2. Each team or the team coach is responsible for obtaining information from the
Site Director about the contest environment that will be used by the site at which
they register to compete. Competing at that site implicitly indicates agreement by
the coach and the team members that the environment is acceptable to them. Sites
may require teams to supply some material to be used during the contest (e.g.
labeled floppy disks on which to place solution submissions or complete
computer systems). If such material is required, the Site Director will provide
information about it on request, and will verify the acceptability of the material at
the contest site.
3. The Site will provide each team with the use of one suitably equipped computer
system, access to the contest language environments, and access to the
appropriate manual(s). If necessary, teams competing at a particular satellite site
may be required to provide a copy of the language systems for their use during the
contest. Such software will be subject to examination and qualification or
disqualification by the Site Director.
4. The Site will provide a printing facility that will be shared among the contestants.

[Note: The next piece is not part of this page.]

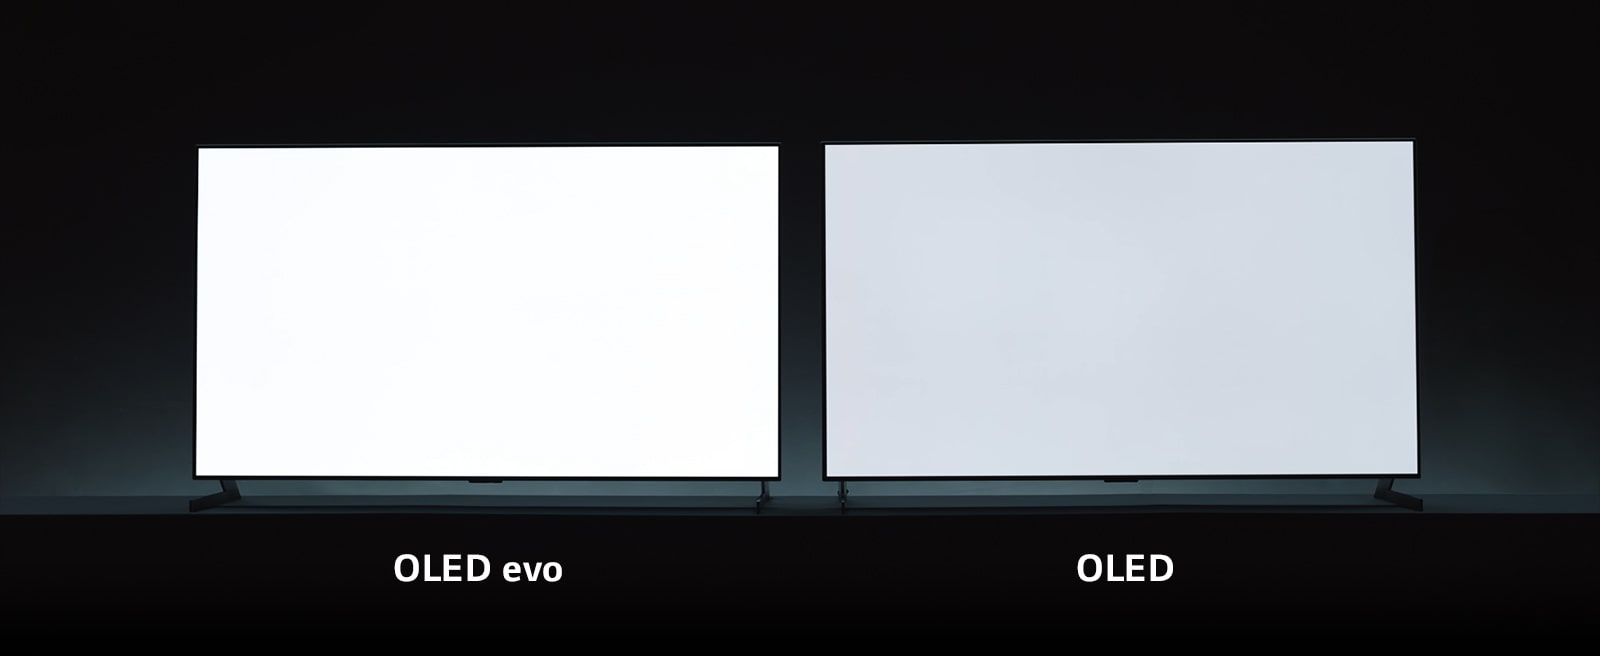 Сравнение яркости телевизоров OLED evo и OLED. Телевизор OLED evo, с более ярким, чем на OLED, белым изображением.

No printing will be allowed to printers directly connected to team machines,
although some sites may use networked printing facilities shared by all teams.
5. Each team will use a single computer. All teams will have equivalent computing
equipment. Equivalent is understood to mean that each computer system and the
installed software is sufficient to prepare, test, and submit solutions to the contest
problems in a timely manner without experiencing significant delays that would
not also be experienced using any other contest system in use at the same or a
different contest site. In particular, the term equivalent does not necessarily mean
identical.
Amending the Rules
1. Amendments to these rules may be proposed at any time by individuals or groups
affected by them.
2. Proposed amendments must be presented in the form of specific modifications or
additions to these rules. They must be sent in written form (not e-mail) and
signed by the proposer(s), to the Regional Contest Director.

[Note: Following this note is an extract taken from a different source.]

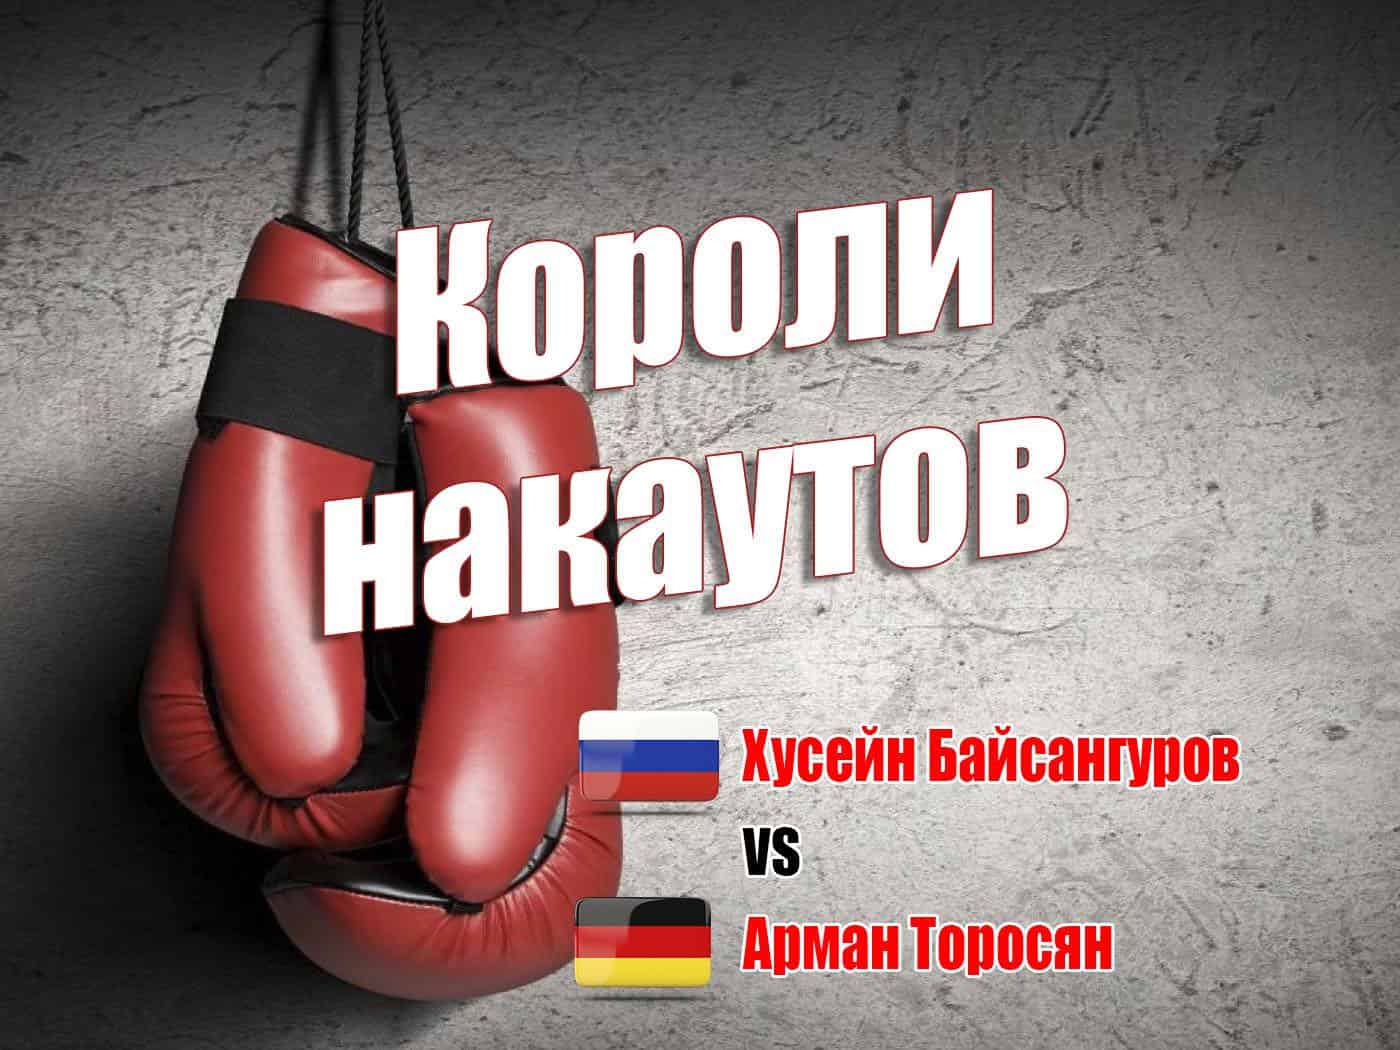 Профессиональный-бокс-Короли-нокаутов-Хусейн-Байсангуров-против-Армана-Торосяна-Трансляция-из-Санкт-Петербурга

3. Proposed amendments that conflict with the general regional contest rules will not
be adopted.
4. Proposed amendments received no later than one month after each regional
contest are considered by the NCNA Steering Committee before the date of the
contest finals. The amended NCNA regional rules are presented to the ICPC
International Steering Committee at the contest finals.
5. The region-specific contest rules (as variations to the general regional contest
rules) must be approved by the ICPC International Steering Committee. If
amendments result in disapproval of the NCNA regional rules, the effect of any
amendment causing disapproval will be removed.